One need look no further than the U.S.'s trade data for proof of this effect. Using 2006 data, an in-depth analysis reveals that, of our top twenty per capita trade deficits in manufactured goods (the trade deficit divided by the population of the country in question), eighteen are with nations much more densely populated than our own. Even more revealing, if the nations of the world are divided equally around the median population density, the U.S. had a trade surplus in manufactured goods of $17 billion with the half of nations below the median population density. With the half above the median, we had a $480 billion deficit!
Our trade deficit with China is getting all of the attention these days. But, when expressed in per capita terms, our deficit with China in manufactured goods is nineteenth on the list. Our per capita deficit with other nations such as Japan, Germany, Mexico, Korea and others (all much more densely populated than the U.S.) is worse. In fact, our largest per capita trade deficit in manufactured goods is with Ireland, a nation twice as densely populated as the U.S. Our per capita deficit with Ireland is twenty-five times worse than China's. My point is not that our deficit with China isn't a problem, but rather that it's exactly what we should have expected when we suddenly applied a trade policy that was a proven failure around the world to a country with one sixth of the world's population.

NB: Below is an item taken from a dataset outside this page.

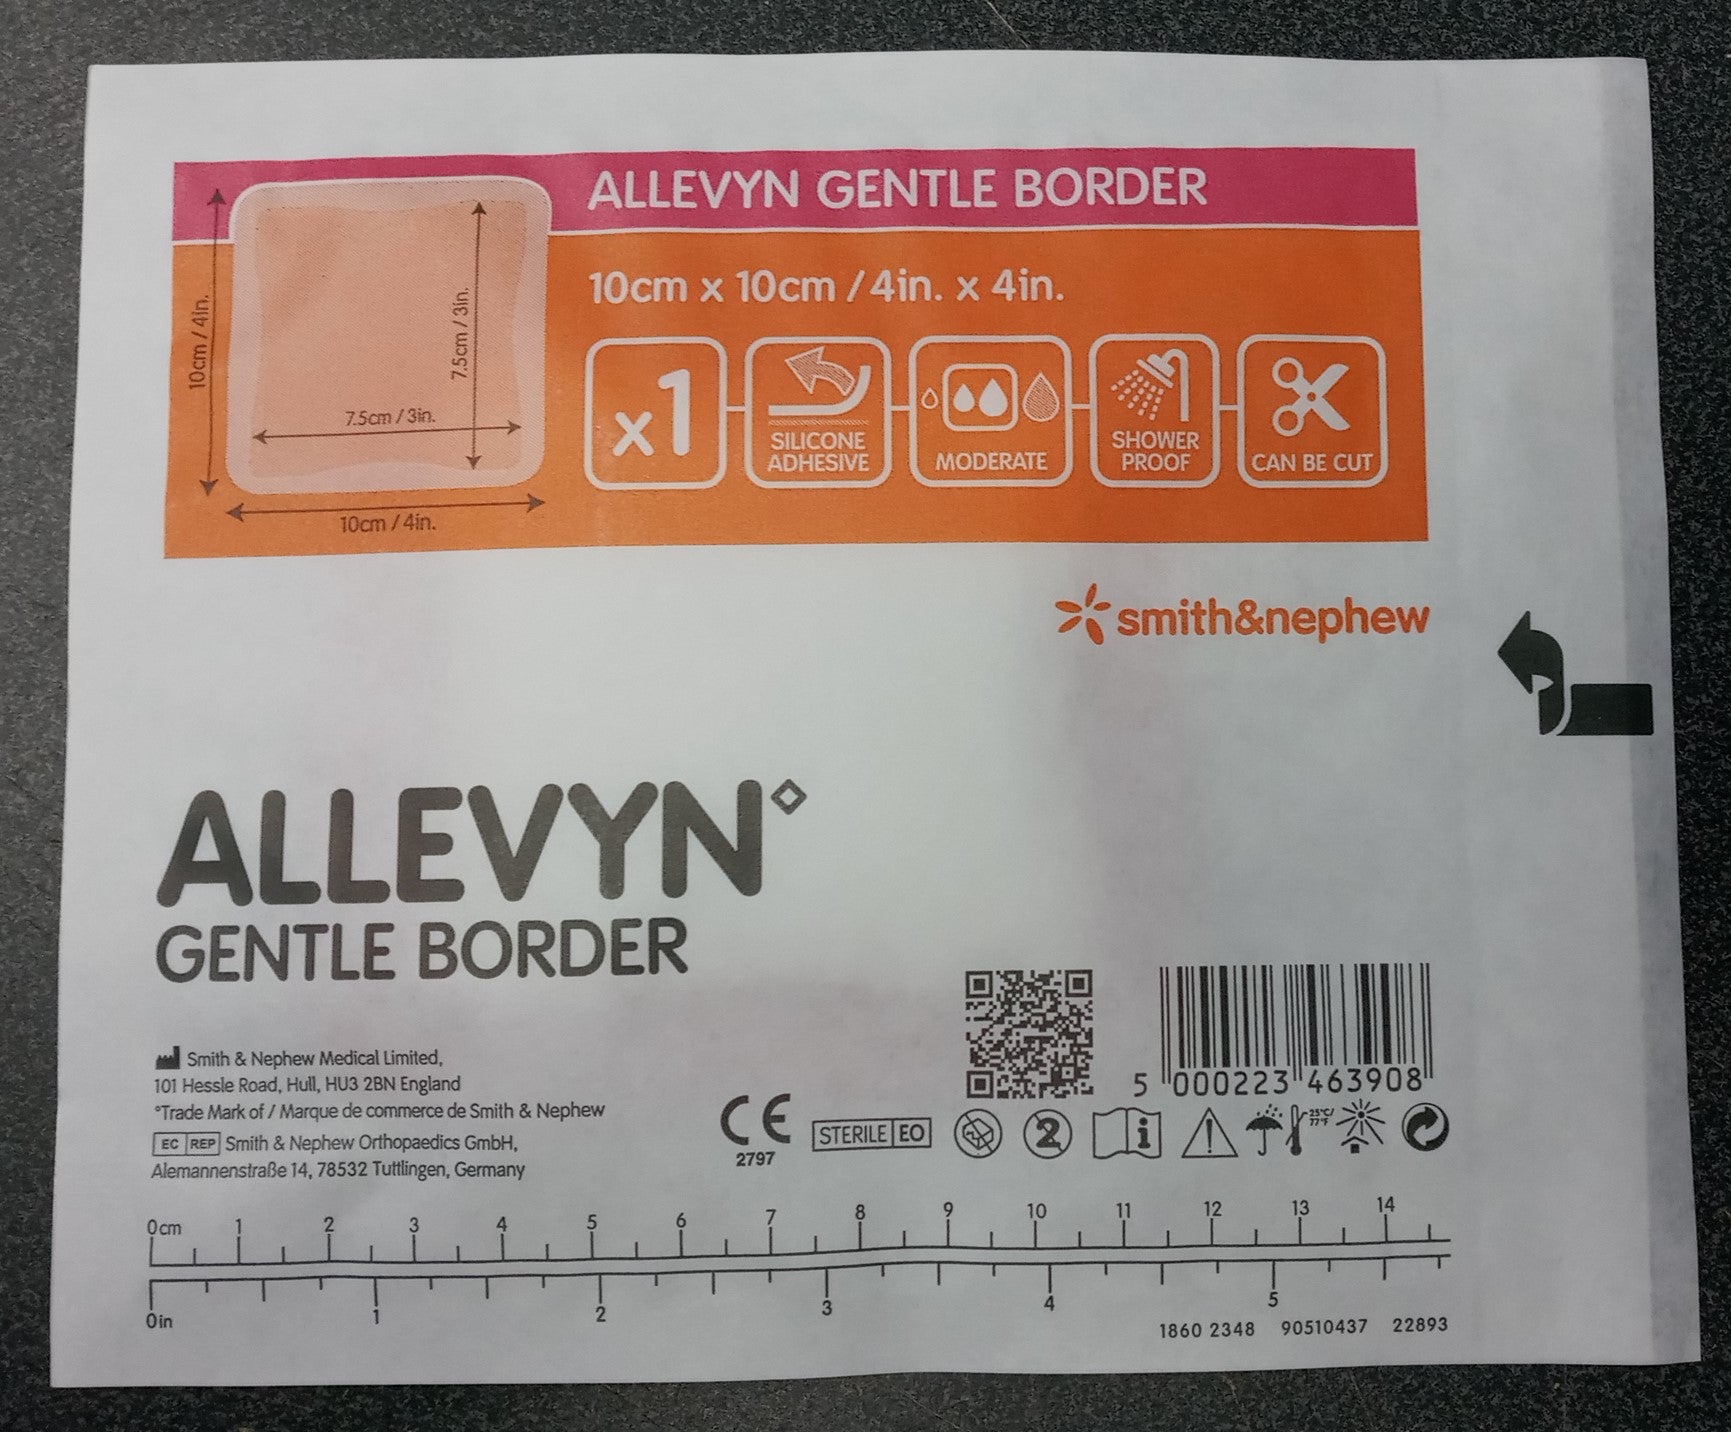 Allevyn Gentle Border 66800270 Silicone Gel Adhesive Foam Dressing (3pk of 10pc)

Ricardo's principle of comparative advantage is overly simplistic and flawed because it does not take into consideration this population density effect and what happens when two nations grossly disparate in population density attempt to trade freely in manufactured goods. While free trade in natural resources and free trade in manufactured goods between nations of roughly equal population density is indeed beneficial, just as Ricardo predicts, it is a sure-fire loser when attempting to trade freely in manufactured goods with a nation with an excessive population density.
If you're interested in learning more about this important new economic theory, then I invite you to visit my web site at OpenWindowPublishingCo.com where you can read the preface for free, join in the blog discussion and, of course, buy the book if you like. (It's also available at Amazon.com.)
Please forgive the somewhat "spammish" nature of the previous paragraph, but I don't know how else to inject this new theory into the debate about trade without drawing attention to the book that explains the theory.
Keep up the good work of raising concern about our trade deficit!
Pete Murphy
Author, Five Short Blasts
Thanks Pete,
I realize that trying to cover a body of work in a couple paragraphs can't do it justice. I'll stop by when I have a little more time.